Your instructions:
Leave out the pictures and retype, exactly, the lines below from the line with "Эмигрировать хотя бы" up to and including the line with "Factory Pilot Core Handschuhe", nothing more.

Extracted entries:
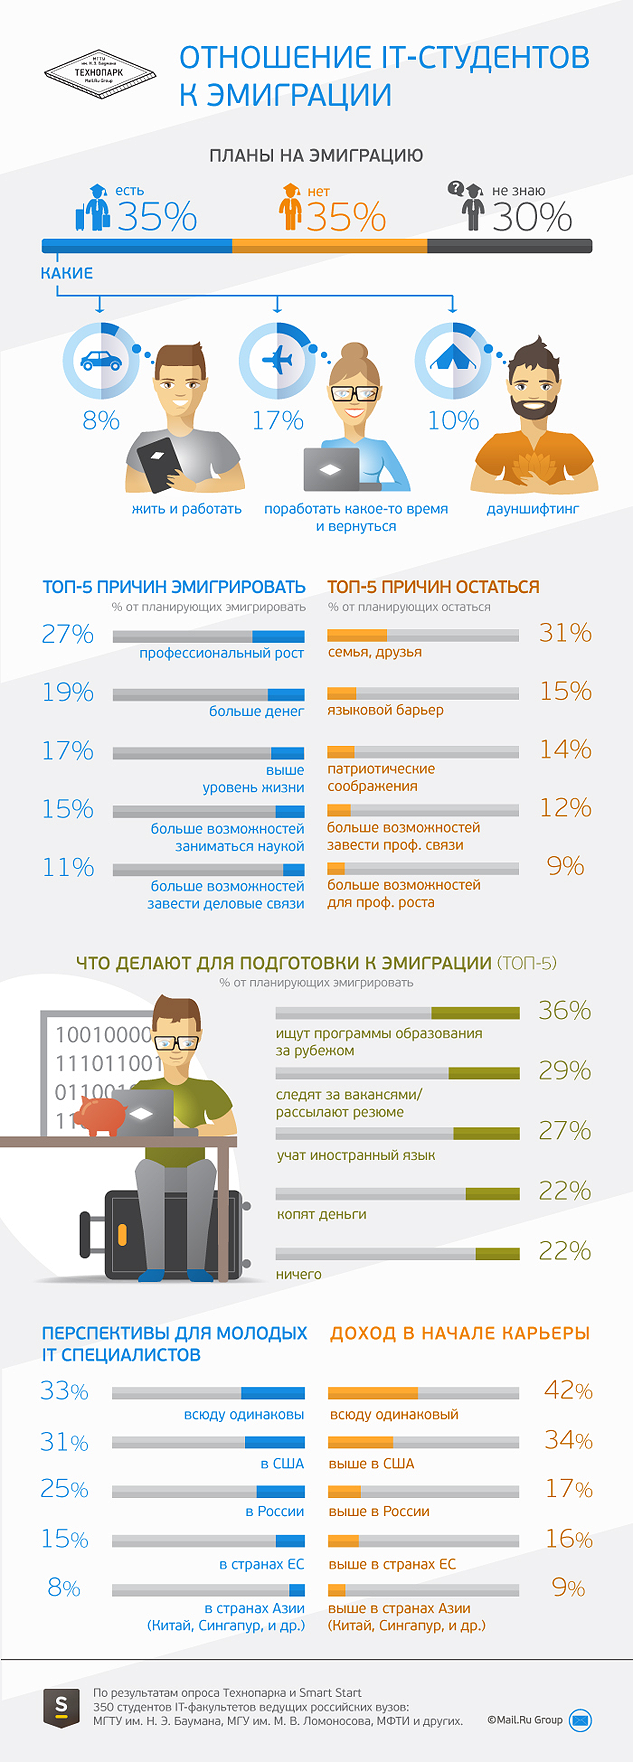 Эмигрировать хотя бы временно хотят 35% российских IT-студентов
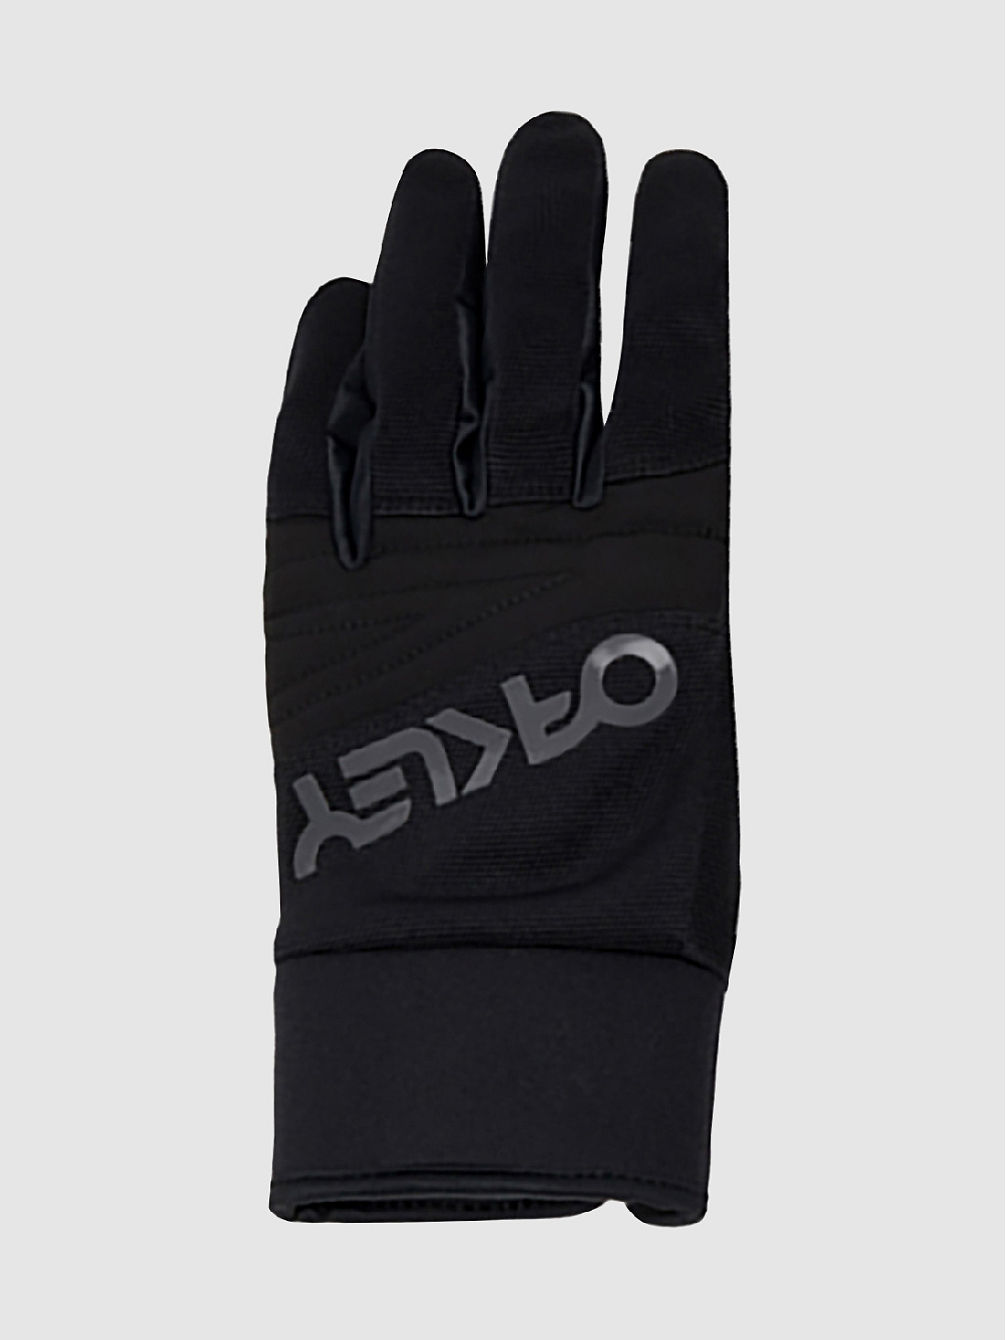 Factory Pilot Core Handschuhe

...

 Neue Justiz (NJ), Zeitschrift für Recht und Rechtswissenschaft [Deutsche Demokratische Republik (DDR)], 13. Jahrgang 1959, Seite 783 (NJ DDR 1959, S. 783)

Your solution:
 Эмигрировать хотя бы временно хотят 35% российских IT-студентов
 Factory Pilot Core Handschuhe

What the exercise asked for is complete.